Evacuations Ordered On East Shore; Schools Closed; Emergency Shelters Set Up
by Paul Bass and Melissa Bailey | Oct 28, 2012 3:17 pm
Posted to: Breaking News, Superstorm Sandy
The mayor ordered the evacuation of homes in the Morris Cove and City Point neighborhoods and part of Fair Haven beginning at 8:30 a.m. Monday, as New Haven braced for a storm surge from Hurricane Sandy expected to double the worst of Tropical Storm Irene.
Mayor John DeStefano made his announcement at a 2 p.m. press conference Sunday inside the city’s Emergency Operations Center in the basement of 200 Orange St., which began humming with top officials working the phones and conferring on plans.
He has issued a state of emergency for the city. Statewide, Gov. Dannel P. Malloy said as many 70 percent of people could face power outages.
At its peak Monday night, Hurricane Sandy is expected to send New Haven water surges as high as 10 feet above regular high tide, twice what Tropical Storm Irene produced in 2011. And winds could whip as fast as 60 miles per hour, with some gusts as high as 80, according to the mayor.
While the hurricane is not expected to hit New Haven directly, forecasters believe it will begin walloping the city around midnight Sunday, then continue building force through Monday. Those monster high tides are expected around midnight Monday.

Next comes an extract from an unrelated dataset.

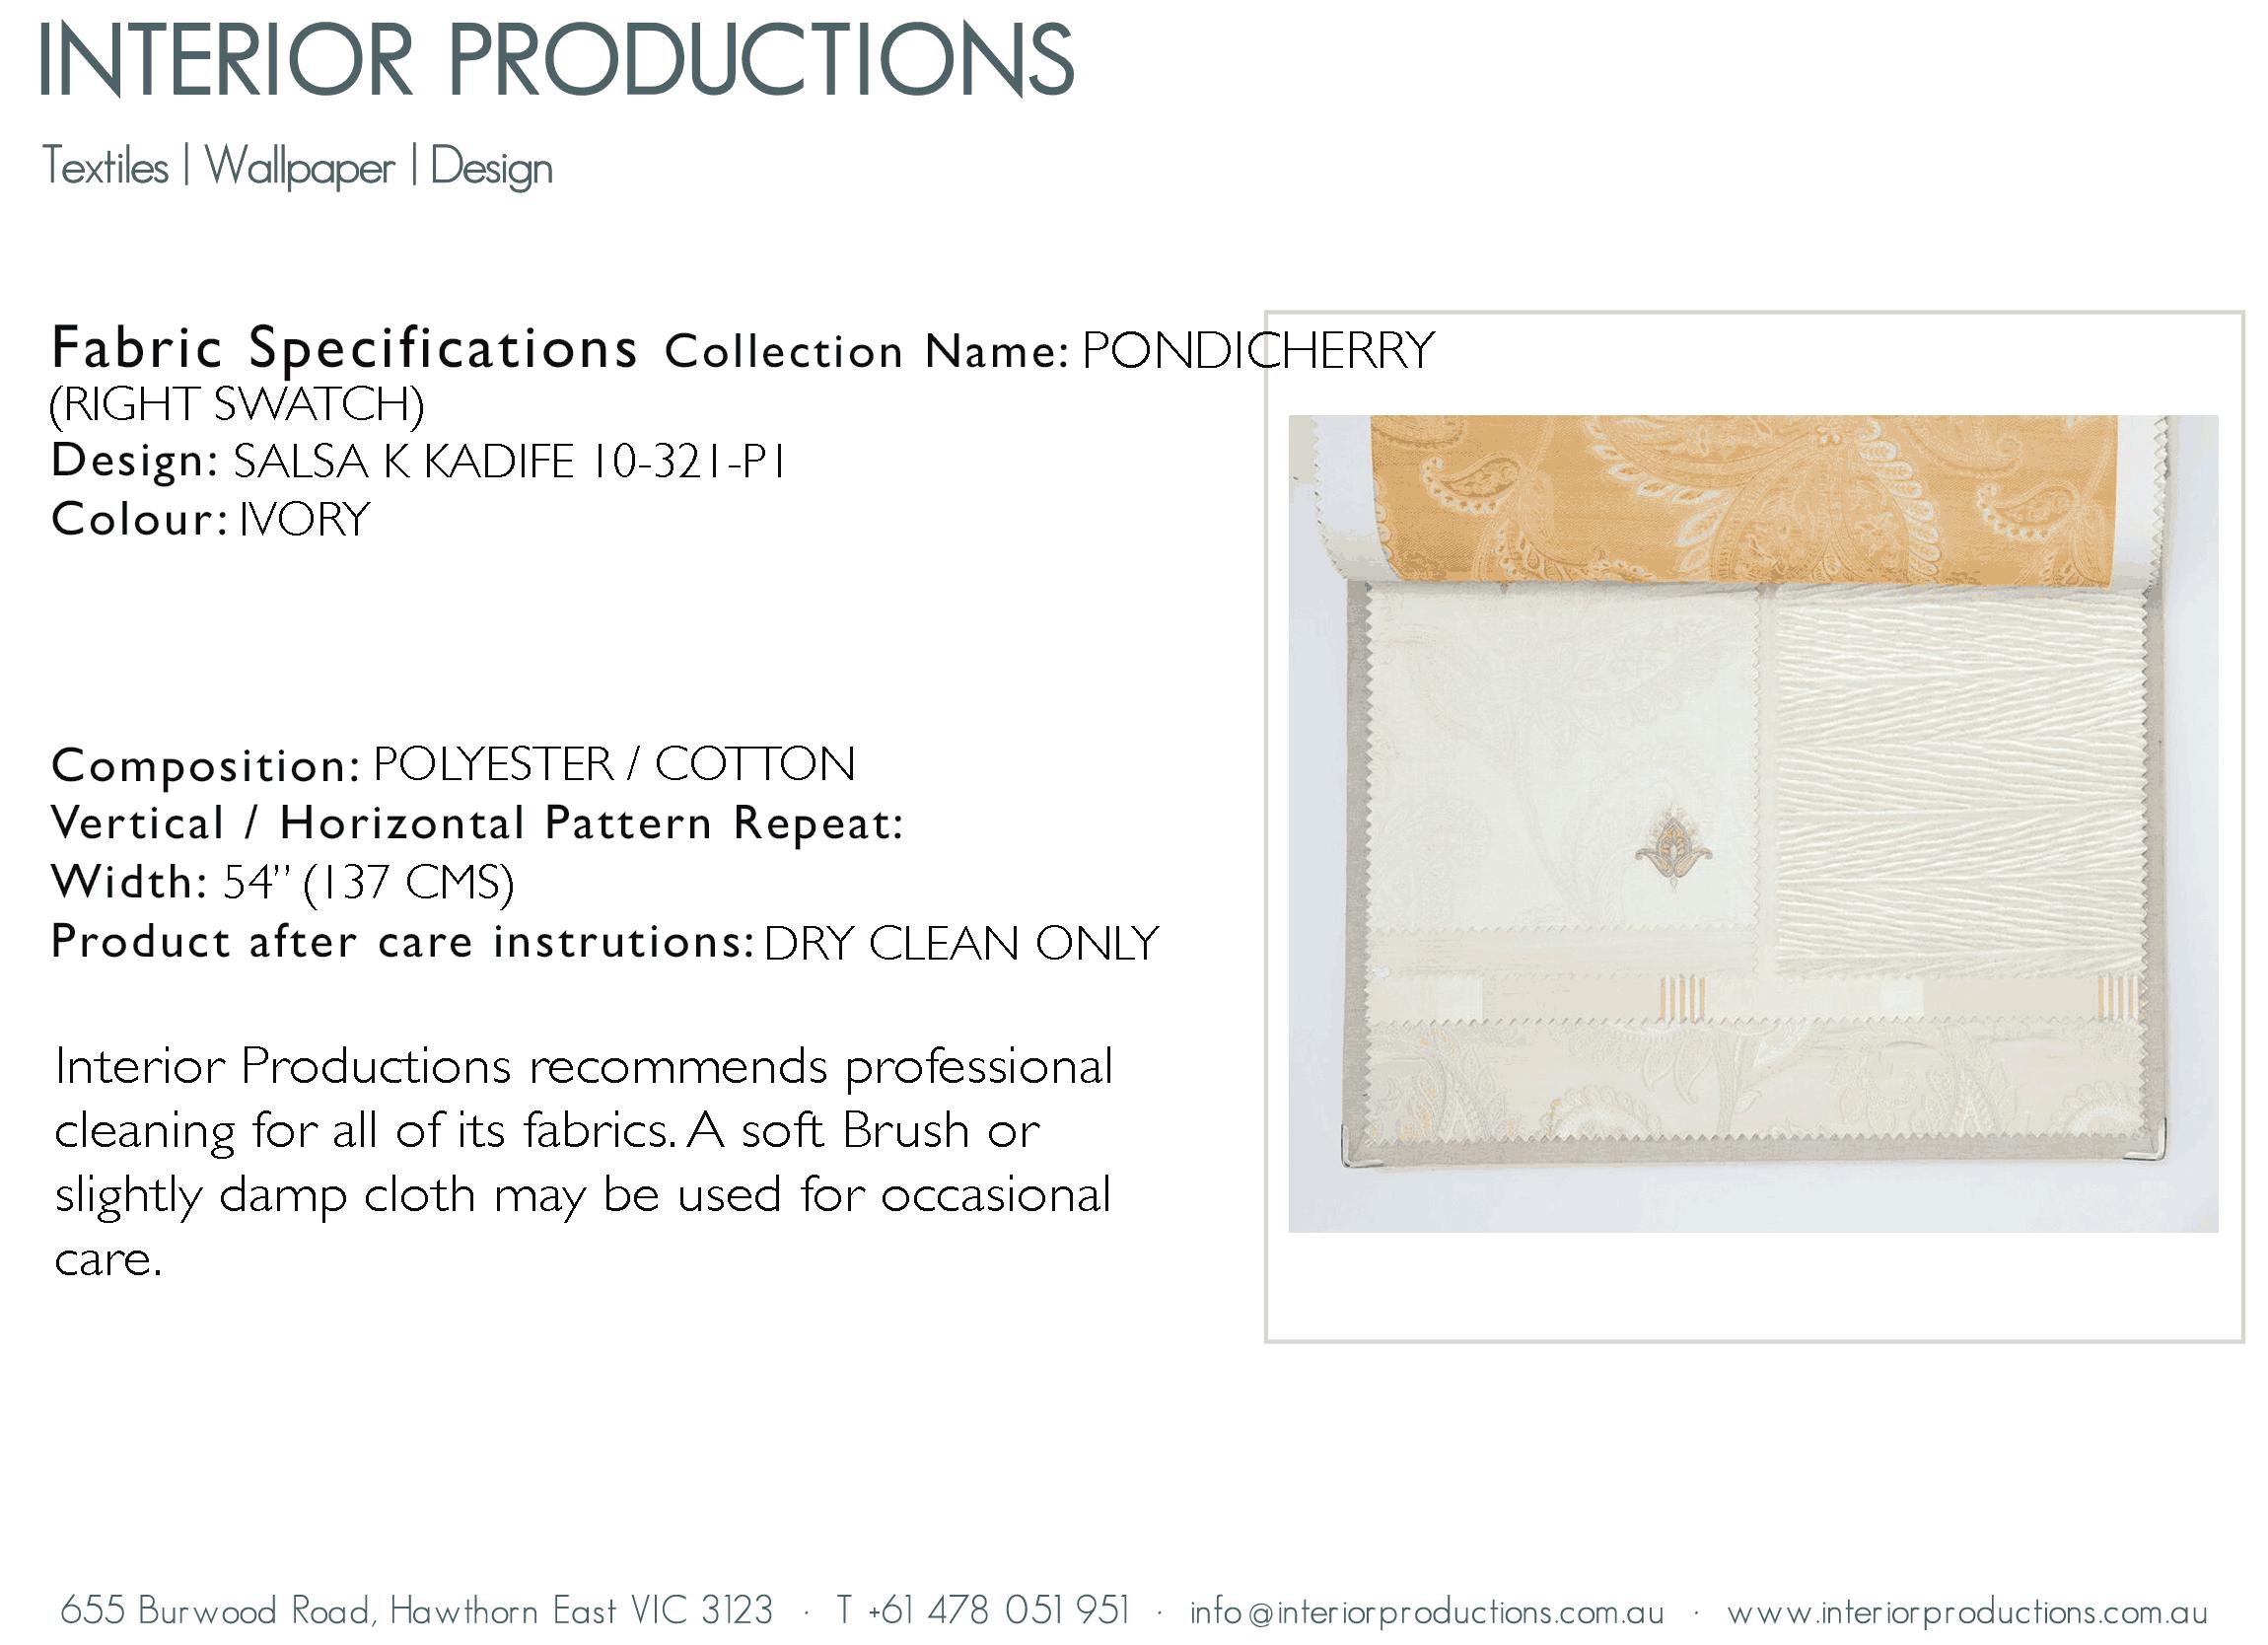 interior_productions_SALSA-K-KADIFE-10-321-P1---IVORY
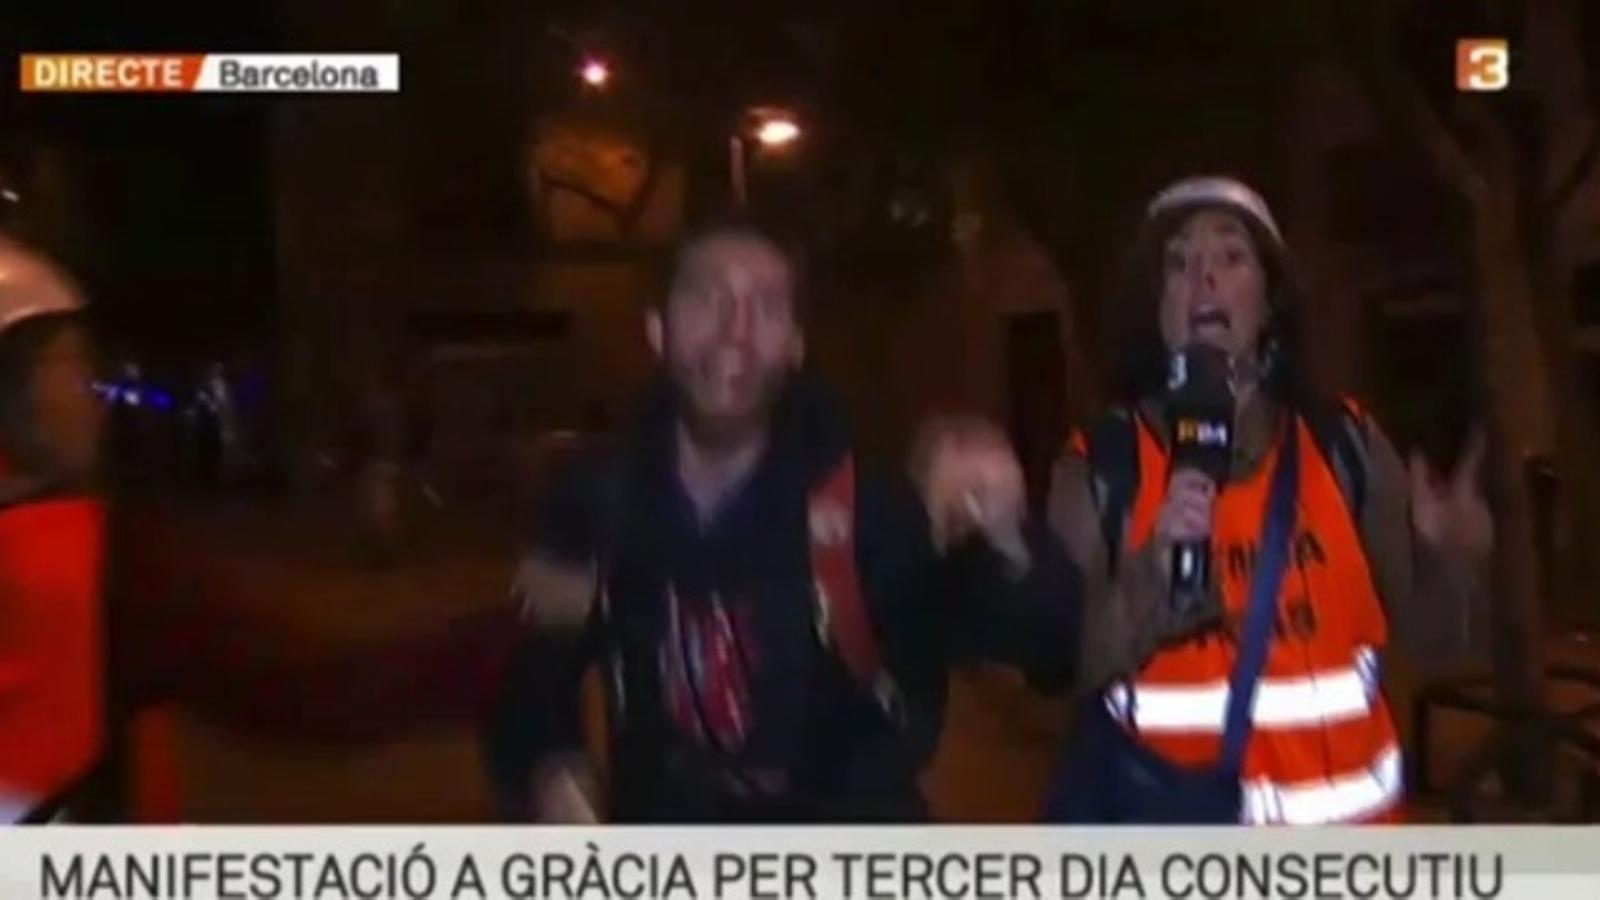 Una reportera de TV3, increpada a Gràcia

“It’s high tide we’re particularly concerned about,” the mayor reported.
City workers were out inspecting buildings, putting sand bags and jersey barriers by vulnerable shoreline homes, placing pumps and sandbags at common flooding spots, and urging families to comply with the evacuation order in the three affected areas.
“This is a storm event that is predicted to be in excess of Irene. You are putting our public safety officers at risk if they have to go and find you because you didn’t leave,” DeStefano said in pleading with people in Morris Cove, City Point and parts of Fair Haven to leave their homes Monday.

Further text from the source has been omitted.